I need to reduce some of the errors in my experiment to improve it. To do this I could use the same burner for the repeats so the length of the wick would be the same. By carrying out the experiment in a fume cupboard or ceiled container, I could reduce the heat escaping through rafts. If the soot were removed from the bottom of the can, by cleaning, the heat would get to the water quicker, which would also minimize errors.
Also I could measure he size of the wick to make sure that they are equal. I could further this experiment by investigating other homologous series, such as alkenes, or carboxylic acids. This would also me to see if there are any patterns or trends within the theory. To do this I would set up the same experiment, but instead of using alcohols, I would use the alkenes. To make the experiment more reliable I would use a wider range of fuels, for example, six. The first 6 alkenes are as follows: Ethane, Propene, Butene, Pentene, Hexane, and Heptene.

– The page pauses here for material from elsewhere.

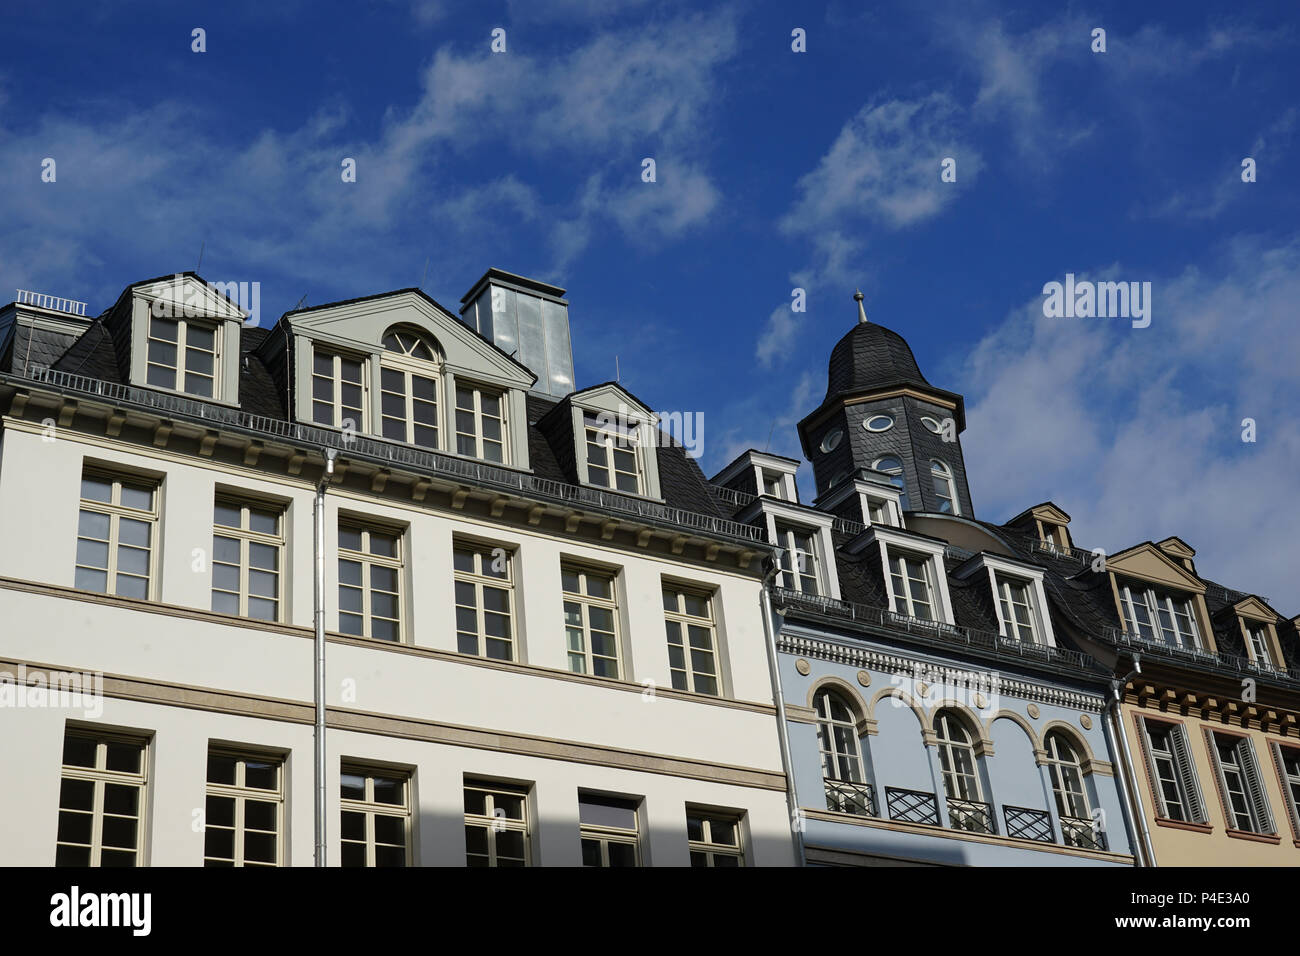 Facades, New Old Town, Dom-Roemer Project, Old Town, Historic Center, Frankfurt am Main, Hesse, Germany Stock Photo

Below are the relative formula mass and the formulas of the first 6 alkenes:
Here are the Balanced Symbol Equations for the first six Alkenes:
Ethene:
2C2H6 + 7O2 → 4CO2 + 6H2O
Propene:
2C3H8 + 10O2 → 6CO2 + 8H2O
Butene:
2C4H10 + 13O2 → 8CO2 + 10H2O
Pentene:
2C5H12 + 16O2 → 10CO2 + 12H2O
Hexene:
2C6H14 + 19O2 → 12CO2 + 14H2O
Heptene:
2C7H16 + 21O2 → 14CO2 + 16H2O
This would be a starting point for the experiment. I think I would find that the pattern is the same and that the longer the alkene, the more bonds contains. From what I have discovered in this experiment I would predict that Heptene would give out the most energy as the more bonds in the exothermic reaction the more energy given out from the reaction.